Swiss officials balked at letting Credit Suisse just fail, unlike the U.S. government in 2008, when it let Lehman go under, spreading losses and fear across the financial system. Financial institutions had been in trouble since 2007, but it wasn’t until two weeks after Lehman that the U.S. Congress came to the system’s aid with a $700 billion emergency economic stabilization act.
Questions have been raised about the technicalities of the Credit Suisse rescue and the decision to insure all depositors at Silicon Valley. But officials are showing that they learned one lesson from Lehman, “namely to act decisively and swiftly, and if needed to run roughshod over any discussion of moral hazard and legal obstacles, both of which can be discussed once the dust settles,” said Marc Ostwald, chief economist and global strategist at ADM Investor Services International.

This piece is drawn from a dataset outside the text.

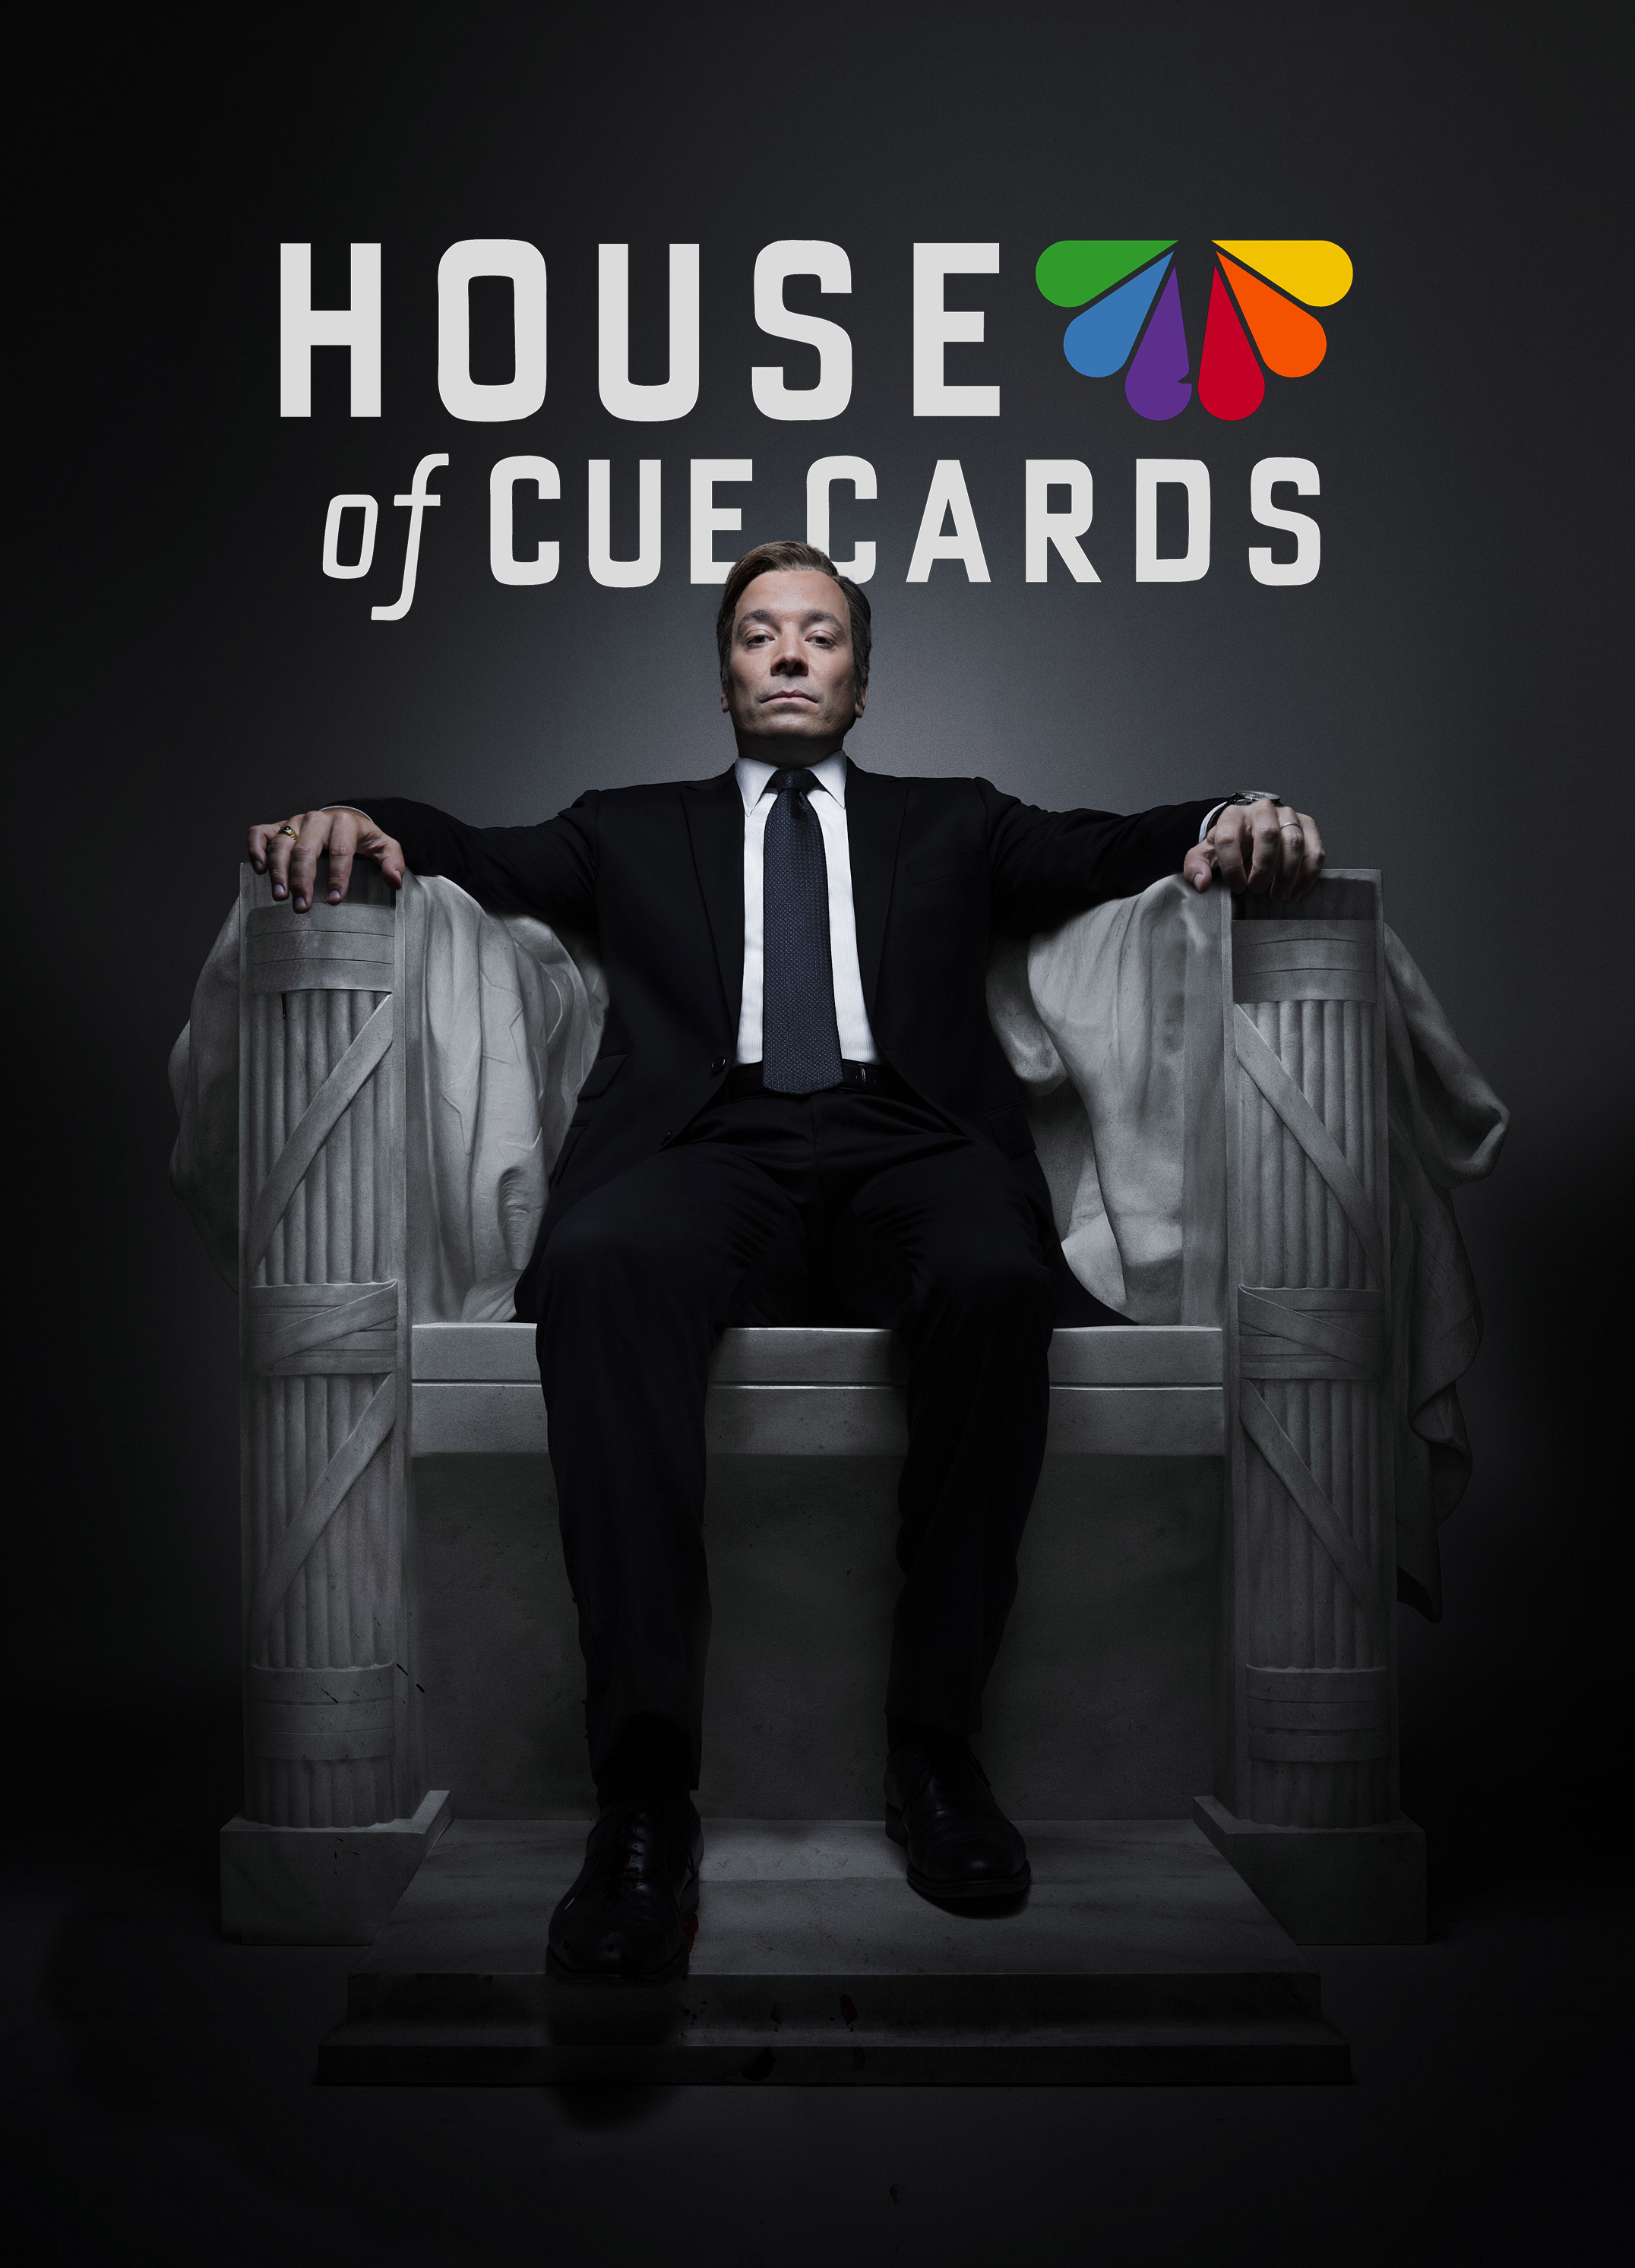 THE TONIGHT SHOW STARRING JIMMY FALLON -- Episode 0106 -- Pictured: "House of Cue Cards" key art -- (Photo by: Douglas Gorenstein/NBC/NBCU Photo Bank via Getty Images) (NBC/Getty Images)

As a result, “some semblance of calm has been restored. This crisis is far from over, but at least some of the immediate risks of an exponential ballooning of contagion effects have been mitigated.”
SO WE CAN SOUND THE ALL CLEAR?
Not yet. UBS shares initially plunged Monday on fears that the bank has simply inherited trouble by buying Credit Suisse. The share later turned positive. And the way the takeover was done, by wiping out some of the Credit Suisse’s bondholders, rattled markets in those bonds. So new problems could arise.
“Containing crises is a bit like a game of whack-a-mole — with new fires starting as existing ones are extinguished,” said Neal Shearing, group chief economist at Capital Economics. “A key issue over the next week will be whether problems arise in other institutions or parts of the financial system.”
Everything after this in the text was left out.